Buddhism in Central Asia

~9 min read · Ch. 1 of 6
6 sections
  • Buddhism in Central Asia once stretched from the desert oases of modern Xinjiang to the monasteries of Balkh, carried along the arteries of the Silk Road for more than a thousand years. At its height, the ancient Kingdom of Khotan alone counted some 400 Buddhist temples. Chinese monks traveled thousands of miles on foot to visit them. Persian poets borrowed imagery from Buddha statues to describe ideal beauty. And a hereditary line of Buddhist administrators would eventually rise to become the most powerful viziers in the Islamic world.

    How did a religion born in northern India come to define the spiritual landscape of a region that today is almost entirely Muslim? Which monastic orders blazed the first trails into Central Asia, and what did they build there? How did Greek philosophy become woven into the very image of the Buddha? And what happened to all of it when Islam arrived? The answers reach across continents, dynasties, and centuries, threading together in ways that still leave traces in unexpected places.

  • Of all the early Buddhist sects active in Central Asia, the Dharmaguptaka made more concentrated efforts than any other to spread Buddhism beyond India's borders. Scholars identify three major phases of missionary activity in Central Asian Buddhist history, associated in sequence with the Dharmaguptaka, the Sarvastivada, and the Mulasarvastivada. The Dharmaguptaka came first, and the scale of their reach was extraordinary.

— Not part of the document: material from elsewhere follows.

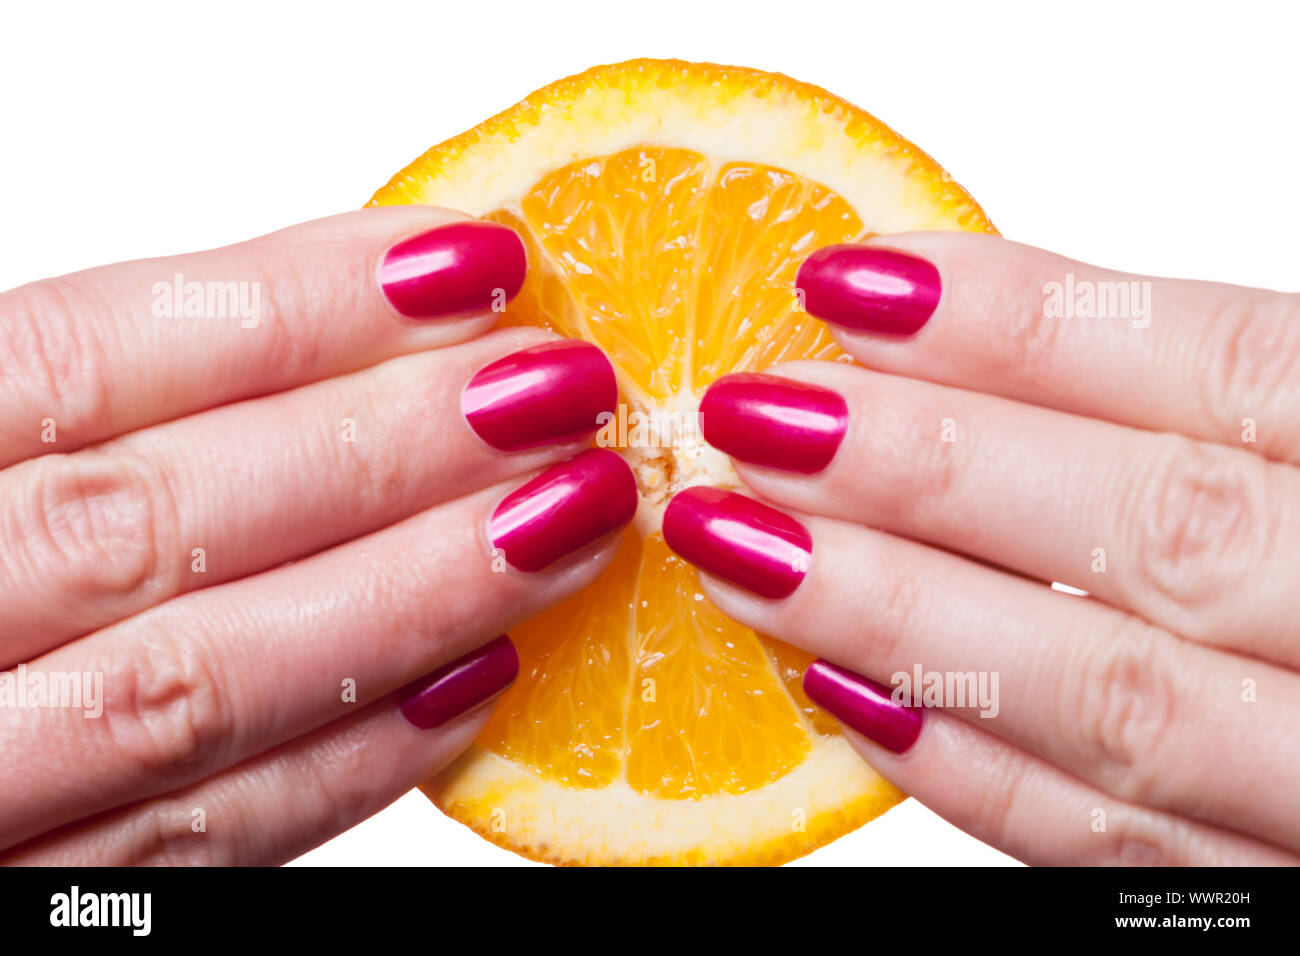 Hand with manicured nails touch an orange on white Stock Photo

    According to scholar A. K. Warder, the Dharmaguptaka executed what amounts to a vast circling movement along trade routes. Moving north-west from the coastal region known as Aparanta, they penetrated as far as Parthia and Iran, while simultaneously establishing themselves in Oddiyana, the Suvastu valley north of Gandhara. From those western footholds they then followed the Silk Road eastward across Central Asia and into China, where Warder credits them with effectively establishing Buddhism in the second and third centuries AD. The Mahisakas and Kasyapiyas followed in their wake along the same routes.

    In the 7th century CE, the Chinese monk Yijing grouped the Mahisasaka, Dharmaguptaka, and Kasyapiya together as sub-sects of the Sarvastivada, and noted that these three were not widespread in India proper, but were found in parts of Oddiyana, Khotan, and Kucha. Because so many East Asian countries first received Buddhism through Dharmaguptaka channels, those countries also adopted the Dharmaguptaka vinaya and ordination lineage. Warder wrote that in certain respects the Dharmaguptaka sect can be considered to have survived to the present day in those East Asian traditions.

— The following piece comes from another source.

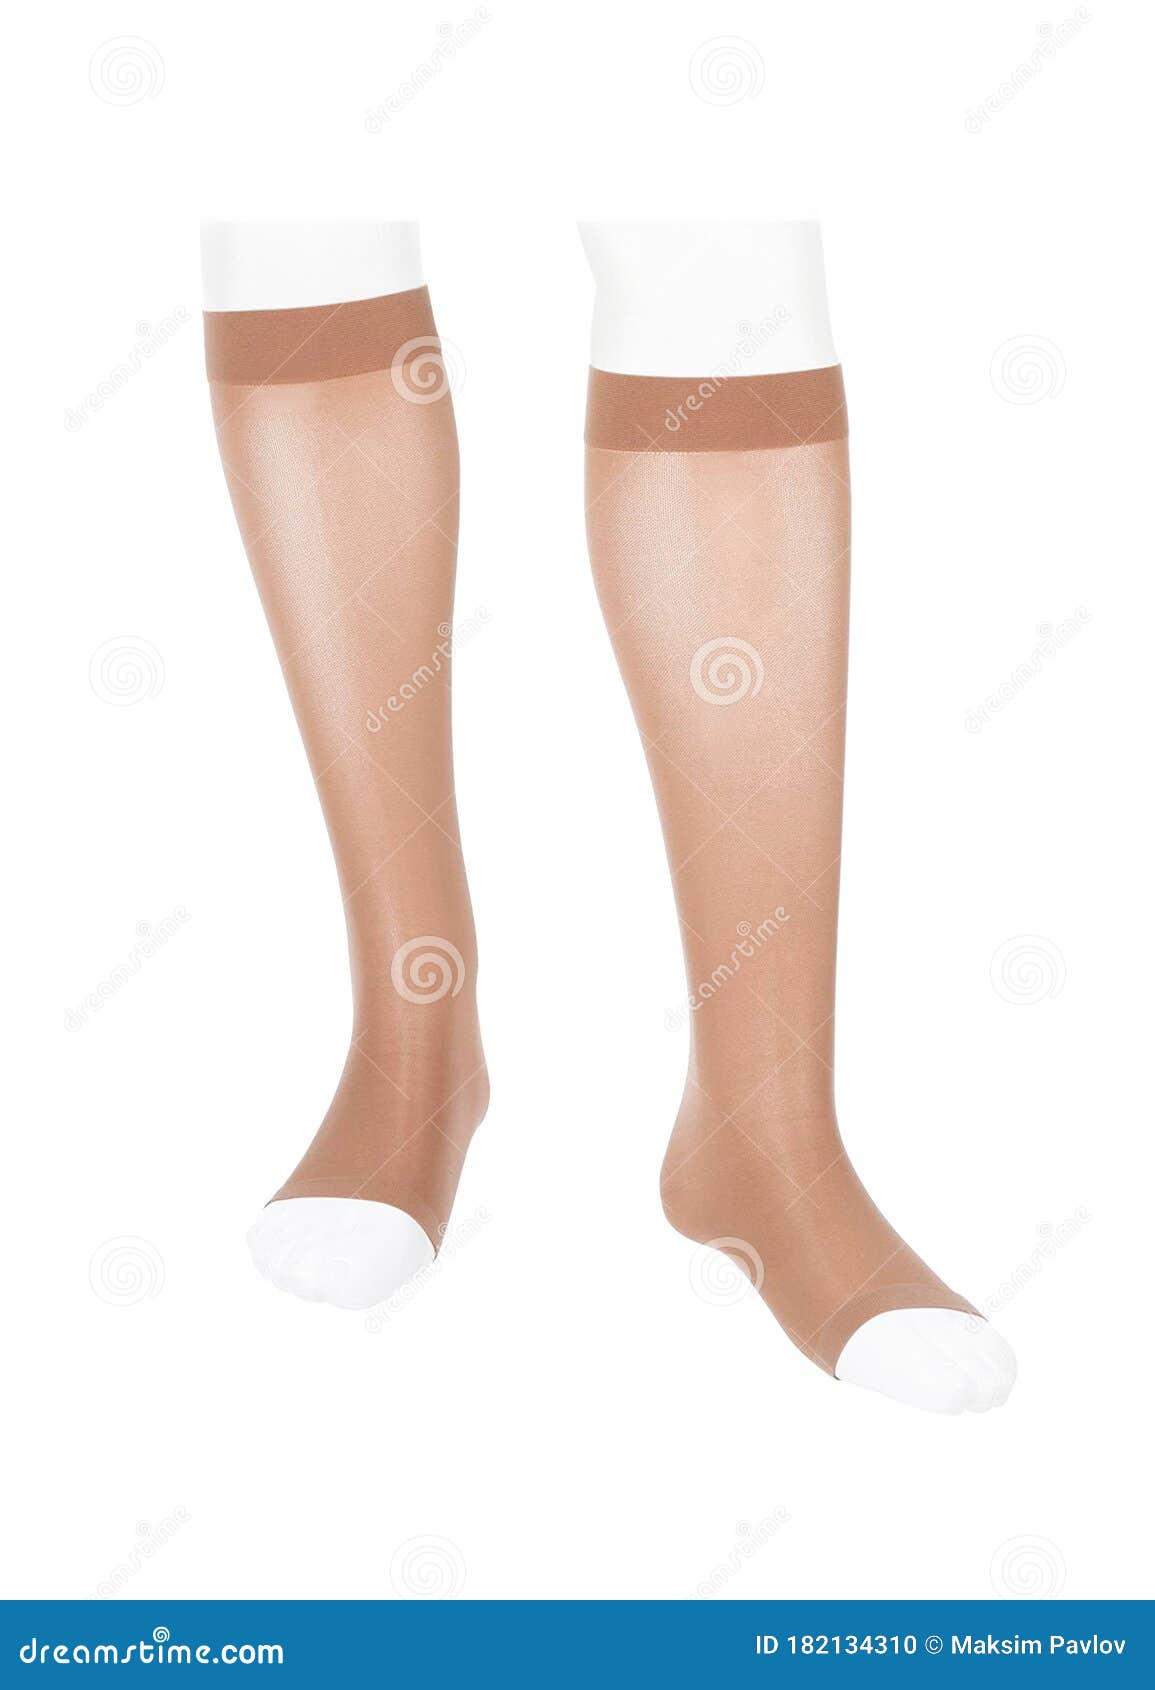 Medical Compression Stockings for Varicose Veins and Venouse Therapy.  Compression Hosiery Stock Illustration - Illustration of high, hosiery:  182134310

  • Before the Greeks encountered Indian Buddhism, the Buddha was never shown in human form. Buddhist art was entirely aniconic: the teacher was indicated only through symbols such as an empty throne, the Bodhi tree, footprints, or the Dharma wheel. This restraint is traceable to a passage in the Digha Nikaya in which the Buddha discouraged representations of himself after the extinction of his body.

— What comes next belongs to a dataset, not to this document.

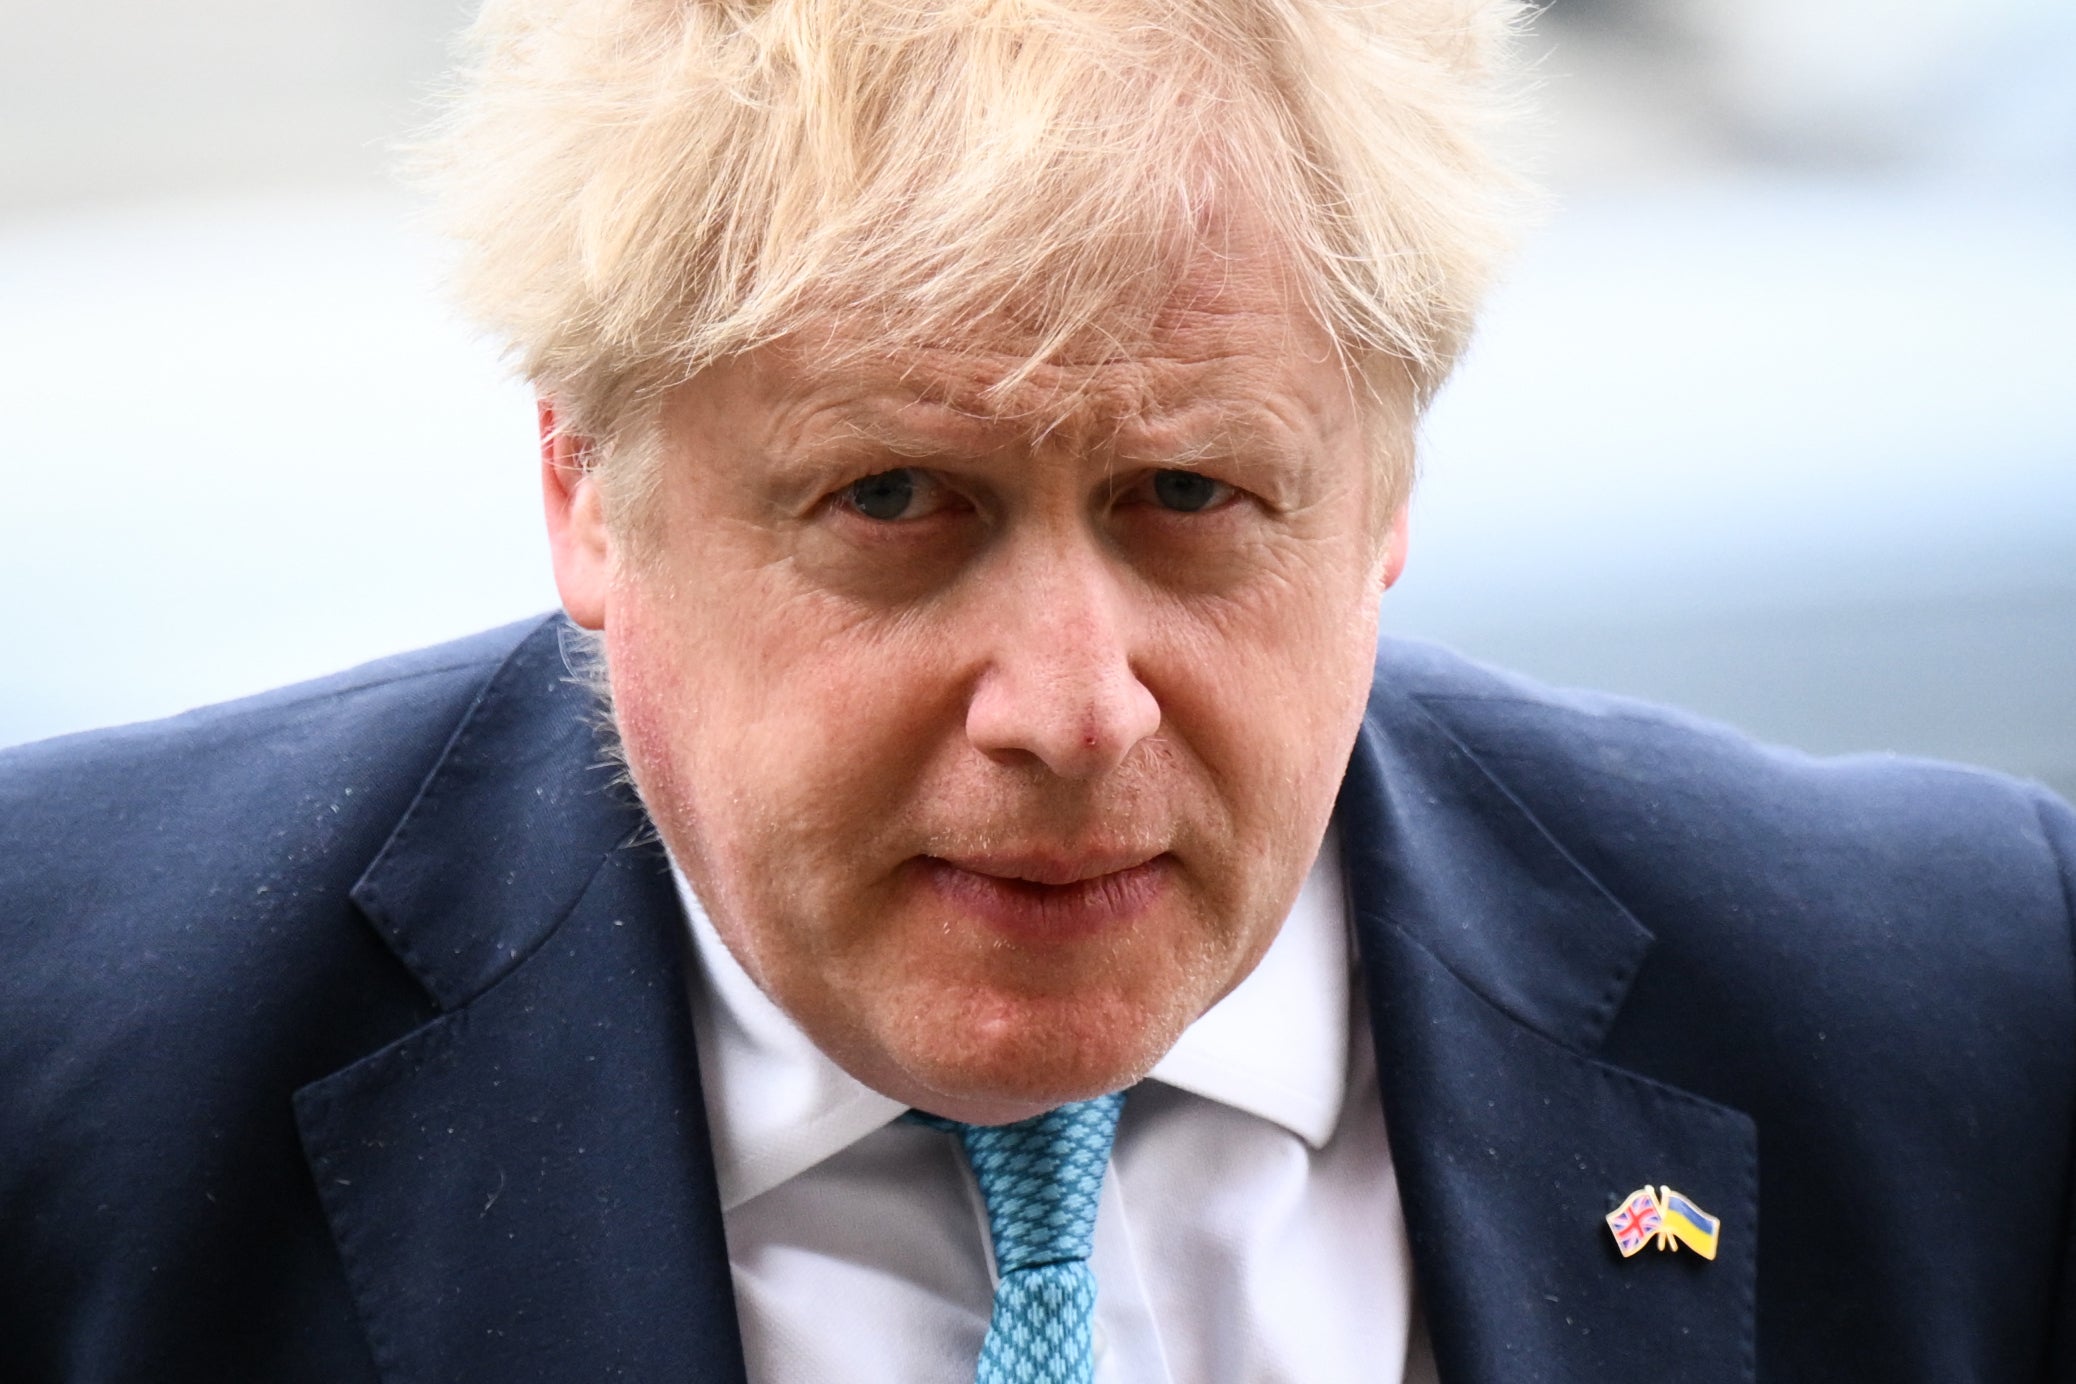 Johnson has made a big scene out of his attendance at the recent march against antisemitism

    That changed in the Hellenistic successor kingdoms that followed Alexander the Great's conquests. The Greco-Bactrian Kingdom, which spanned modern Afghanistan, Uzbekistan, and Tajikistan, lasted roughly from 250 BCE to 125 BCE. The Indo-Greek Kingdom, which overlapped its territory, ran from around 180 BCE to 10 CE. Within these kingdoms, Greek artists who had a strong tradition of sculptural representation did not feel bound by Indian aniconic convention. As one account puts it, because of "their cult of form, the Greeks were the first to attempt a sculptural representation of the Buddha."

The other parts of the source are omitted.